(Extracted records)
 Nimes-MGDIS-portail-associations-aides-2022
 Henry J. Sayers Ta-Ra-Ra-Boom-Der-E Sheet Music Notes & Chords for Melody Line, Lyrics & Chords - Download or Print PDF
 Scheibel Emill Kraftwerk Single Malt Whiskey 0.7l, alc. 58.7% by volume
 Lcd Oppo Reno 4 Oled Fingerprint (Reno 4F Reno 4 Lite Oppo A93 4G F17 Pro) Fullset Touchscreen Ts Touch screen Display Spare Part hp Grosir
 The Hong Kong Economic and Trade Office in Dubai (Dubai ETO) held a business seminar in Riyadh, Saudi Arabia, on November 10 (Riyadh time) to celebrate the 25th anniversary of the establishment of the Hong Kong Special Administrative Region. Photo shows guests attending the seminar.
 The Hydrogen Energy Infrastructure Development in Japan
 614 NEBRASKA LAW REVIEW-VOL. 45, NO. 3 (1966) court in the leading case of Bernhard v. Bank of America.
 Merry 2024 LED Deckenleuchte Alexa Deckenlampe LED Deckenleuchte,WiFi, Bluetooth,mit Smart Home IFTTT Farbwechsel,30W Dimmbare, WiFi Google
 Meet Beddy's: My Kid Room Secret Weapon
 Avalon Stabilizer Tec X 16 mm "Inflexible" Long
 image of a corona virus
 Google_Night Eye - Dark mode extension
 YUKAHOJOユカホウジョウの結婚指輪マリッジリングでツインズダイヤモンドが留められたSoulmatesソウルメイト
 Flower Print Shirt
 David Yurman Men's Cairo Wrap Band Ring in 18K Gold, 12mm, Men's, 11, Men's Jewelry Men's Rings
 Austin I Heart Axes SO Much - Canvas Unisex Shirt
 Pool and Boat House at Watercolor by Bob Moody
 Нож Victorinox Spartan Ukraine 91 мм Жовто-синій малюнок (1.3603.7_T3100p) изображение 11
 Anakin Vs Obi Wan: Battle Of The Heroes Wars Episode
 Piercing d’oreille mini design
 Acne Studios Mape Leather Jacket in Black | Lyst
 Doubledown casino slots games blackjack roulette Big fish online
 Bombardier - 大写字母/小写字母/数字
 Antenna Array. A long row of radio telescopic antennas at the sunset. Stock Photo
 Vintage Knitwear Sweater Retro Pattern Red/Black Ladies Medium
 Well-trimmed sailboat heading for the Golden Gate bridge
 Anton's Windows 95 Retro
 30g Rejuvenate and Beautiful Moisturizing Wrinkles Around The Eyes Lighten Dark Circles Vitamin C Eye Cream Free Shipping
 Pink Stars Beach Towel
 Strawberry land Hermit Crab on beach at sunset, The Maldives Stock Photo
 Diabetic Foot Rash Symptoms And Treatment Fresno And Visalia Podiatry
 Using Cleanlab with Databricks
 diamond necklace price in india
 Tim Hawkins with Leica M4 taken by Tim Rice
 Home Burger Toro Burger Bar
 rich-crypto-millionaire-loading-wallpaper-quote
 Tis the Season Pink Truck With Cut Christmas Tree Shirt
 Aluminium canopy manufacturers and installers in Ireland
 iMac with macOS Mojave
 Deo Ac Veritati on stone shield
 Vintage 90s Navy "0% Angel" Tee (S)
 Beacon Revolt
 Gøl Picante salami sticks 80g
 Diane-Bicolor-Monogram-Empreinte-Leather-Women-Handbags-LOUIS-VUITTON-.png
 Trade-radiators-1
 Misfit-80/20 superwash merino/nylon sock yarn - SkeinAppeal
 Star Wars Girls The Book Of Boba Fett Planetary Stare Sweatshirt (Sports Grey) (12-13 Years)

**TASK BRIEF**
Collect the lines of the data that carry the word "sunset".

**TASK ANSWER**
 Antenna Array. A long row of radio telescopic antennas at the sunset. Stock Photo
 Strawberry land Hermit Crab on beach at sunset, The Maldives Stock Photo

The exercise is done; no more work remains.